The default string dtype for dynd is parameterized by its encoding and is variable-length. This is handled by having a memory block reference in the string's metadata, and the primary string data itself being a pair of pointers to the beginning and one past the end of the string. For an example, here's how a single Python string converts to an ndobject:
>>> a = nd.ndobject("This is a string")
>>> print(a.debug_repr())
------ ndobject
address: 0000000006208550
refcount: 1
dtype:
pointer: 000000000415AA50
type: string<'ascii'>
metadata:
flags: 5 (read_access immutable )
dtype-specific metadata:
string metadata
------ memory_block at 00000000041586D0
reference count: 1
type: external
object void pointer: 000000000494F3E8
free function: 000007FEEC181988
------
data:
pointer: 0000000006208588
reference: 0000000000000000 (embedded in ndobject memory)
------
What you will notice here is that the ndobject is pointing directly at the Python string data, and has been flagged as immutable, just like Python strings are. For comparison, let's do an array of unicode strings (these examples are in Python 2.7).

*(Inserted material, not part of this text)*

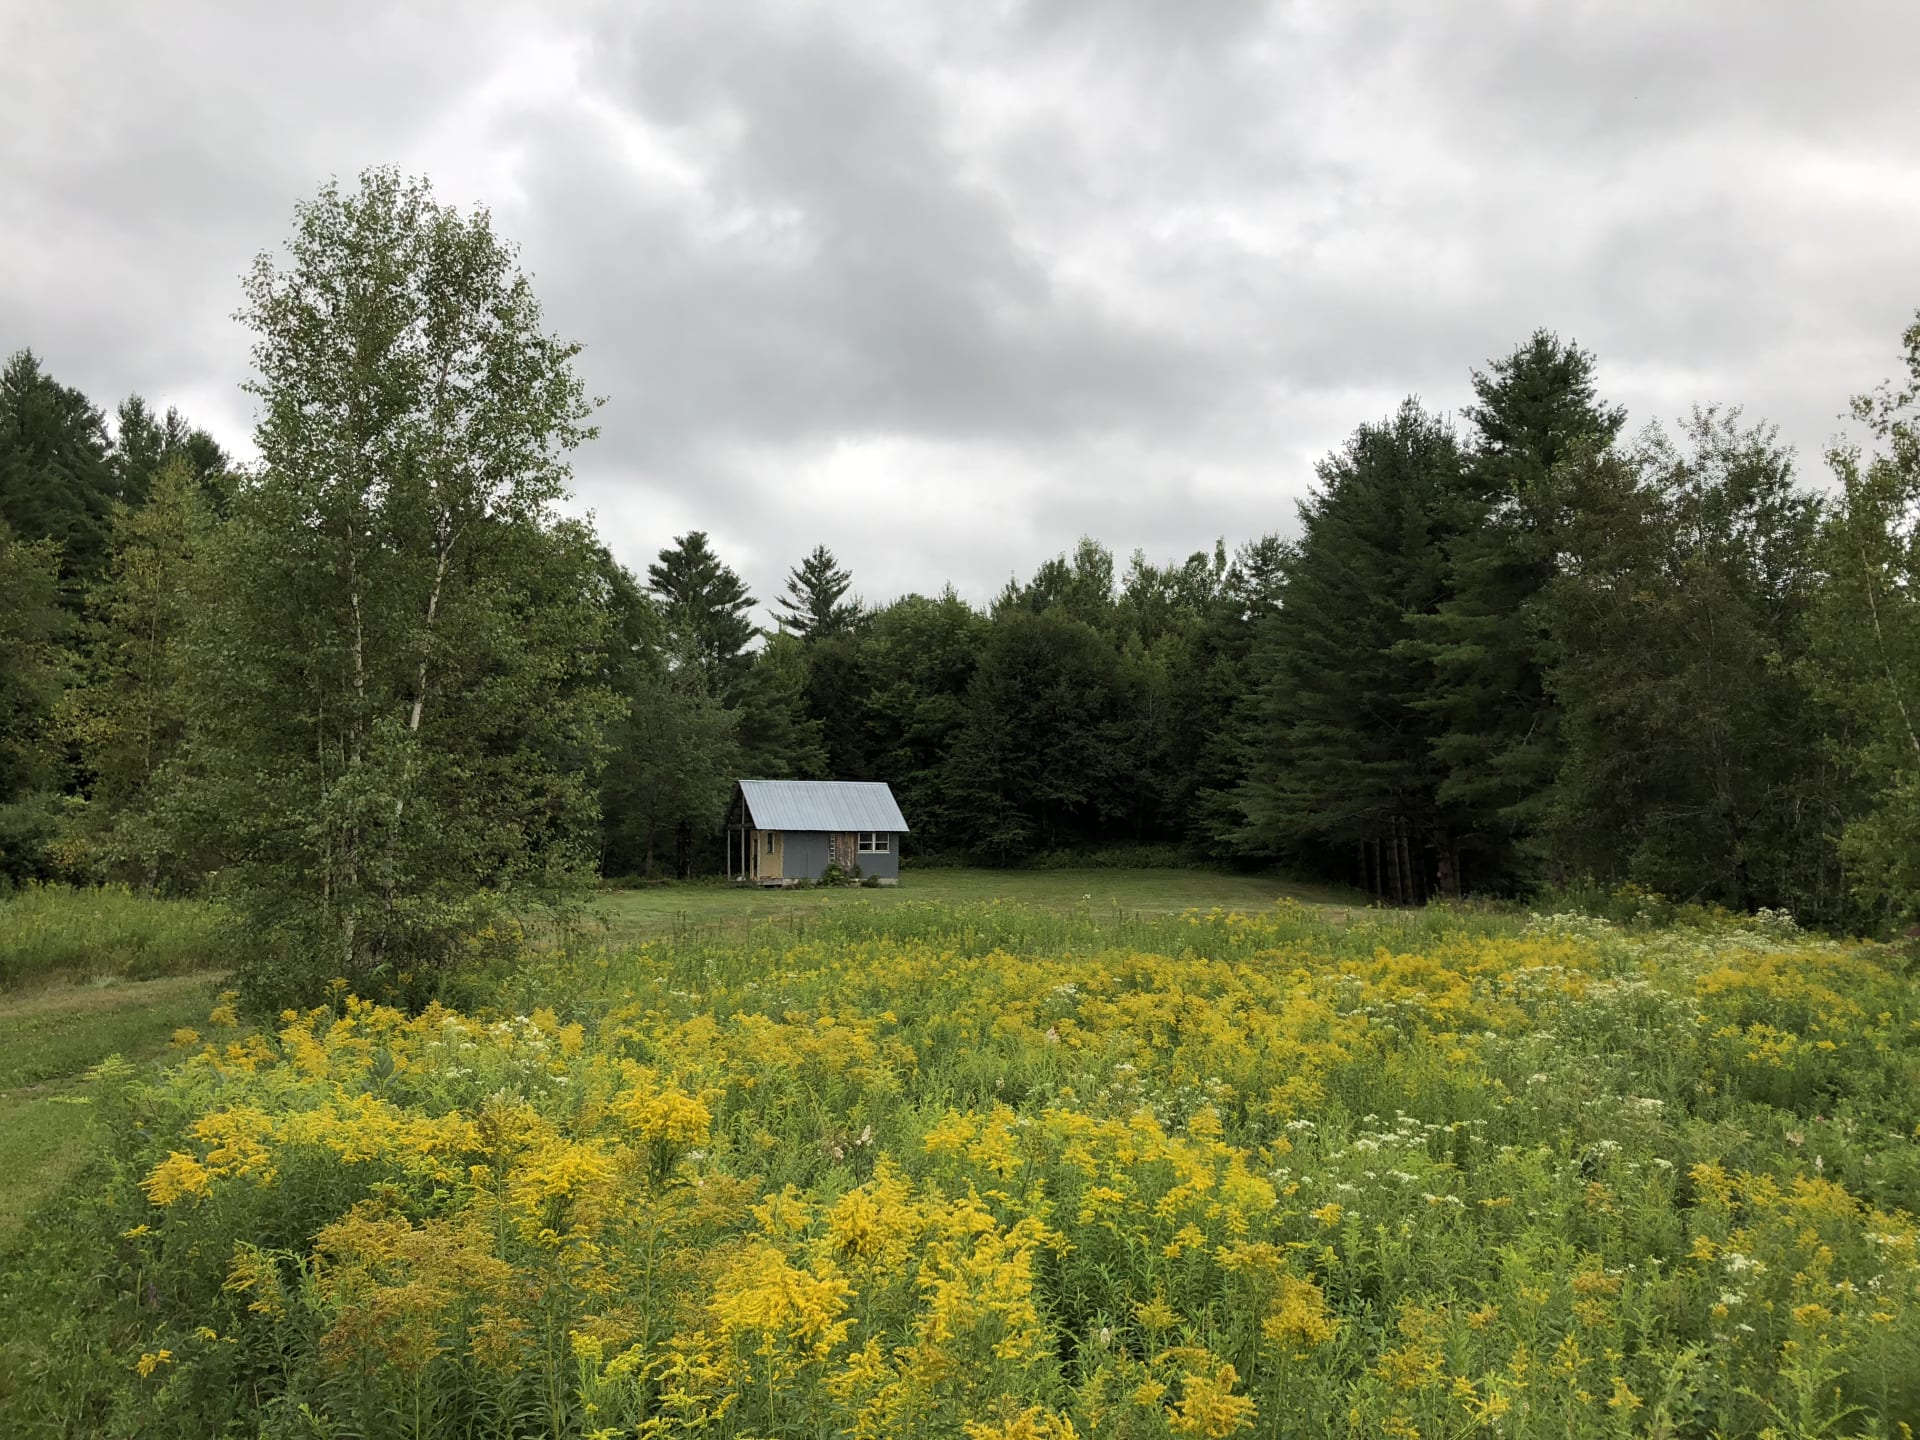 Set in a large field of perennial wildflowers with a large grassy area around the cabin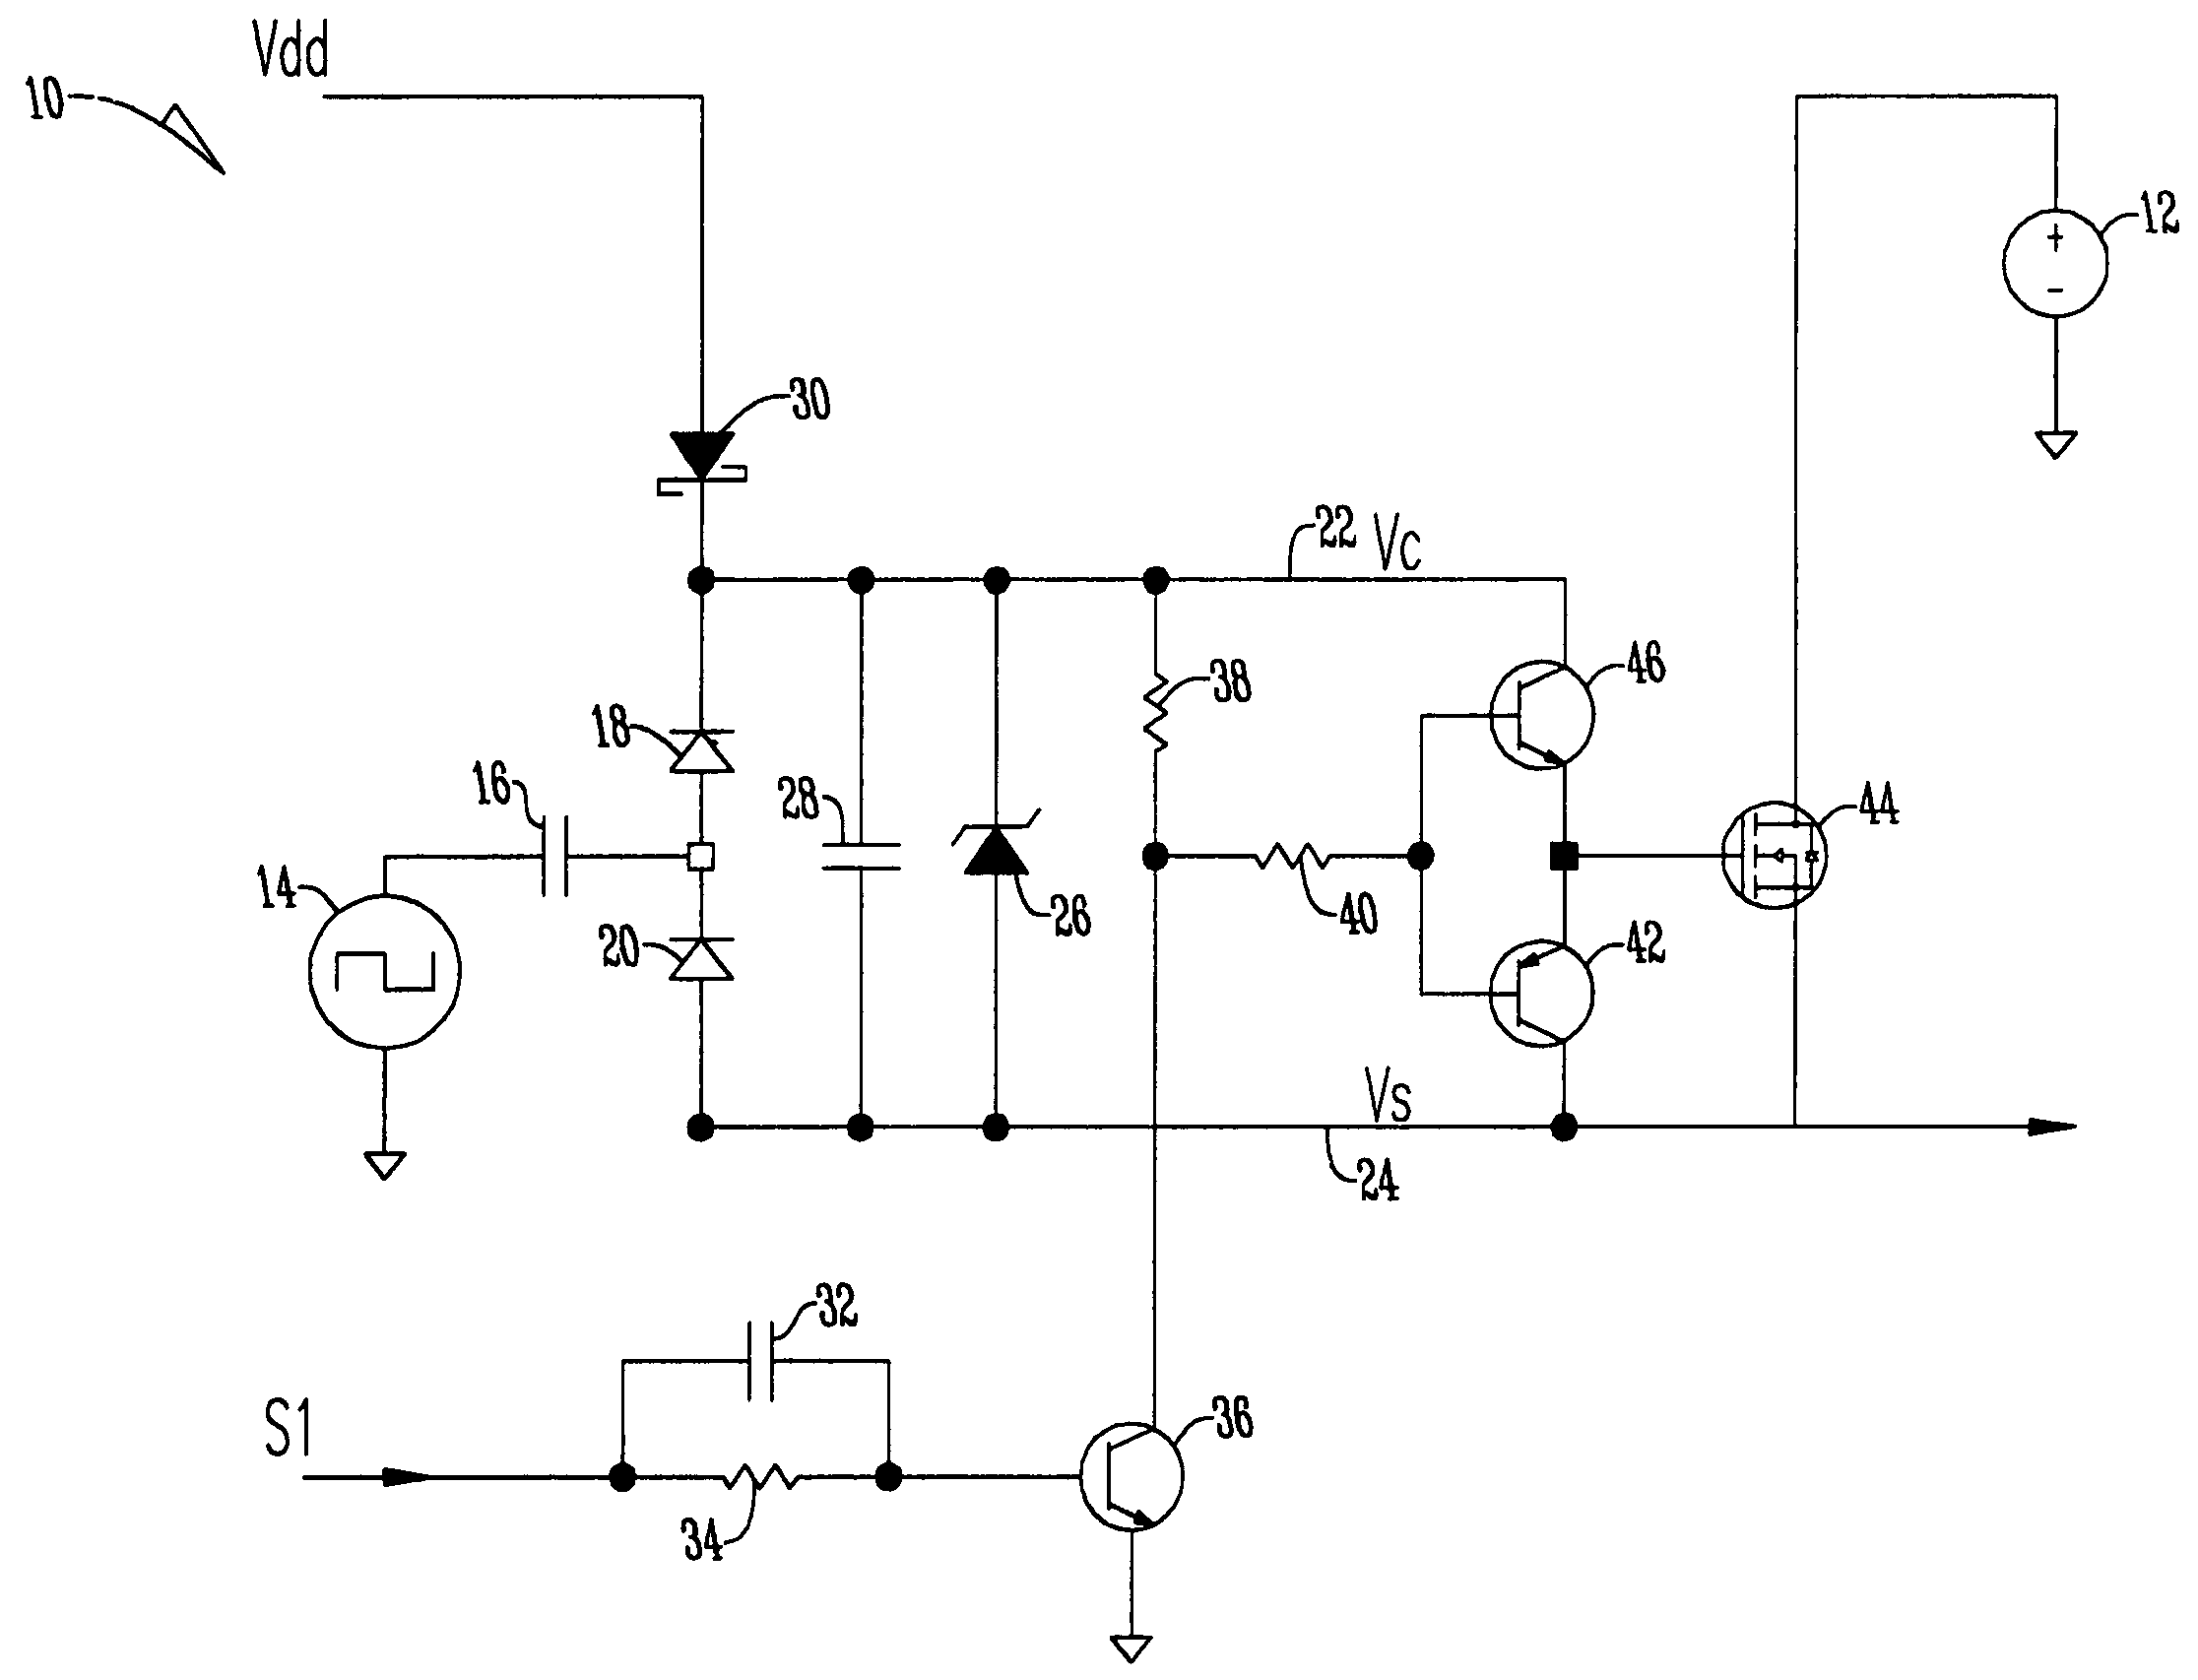 High side NFET gate driving circuit

>>> a = nd.ndobject([u"This", u"is", u"unicode."])
>>> print(a.debug_repr())
------ ndobject
address: 00000000062090F0
refcount: 1
dtype:
pointer: 0000000006209060
type: strided_dim<string<'ucs-2'>>
metadata:
flags: 3 (read_access write_access )
dtype-specific metadata:
strided_dim metadata
stride: 16
size: 3
string metadata
------ memory_block at 00000000062085A0
reference count: 1
type: pod
finalized: 28
------
data:
pointer: 0000000006209138
reference: 0000000000000000 (embedded in ndobject memory)
------
In this case it made a copy of the strings, into a POD (plain old data) buffer instead of pointing at the original string.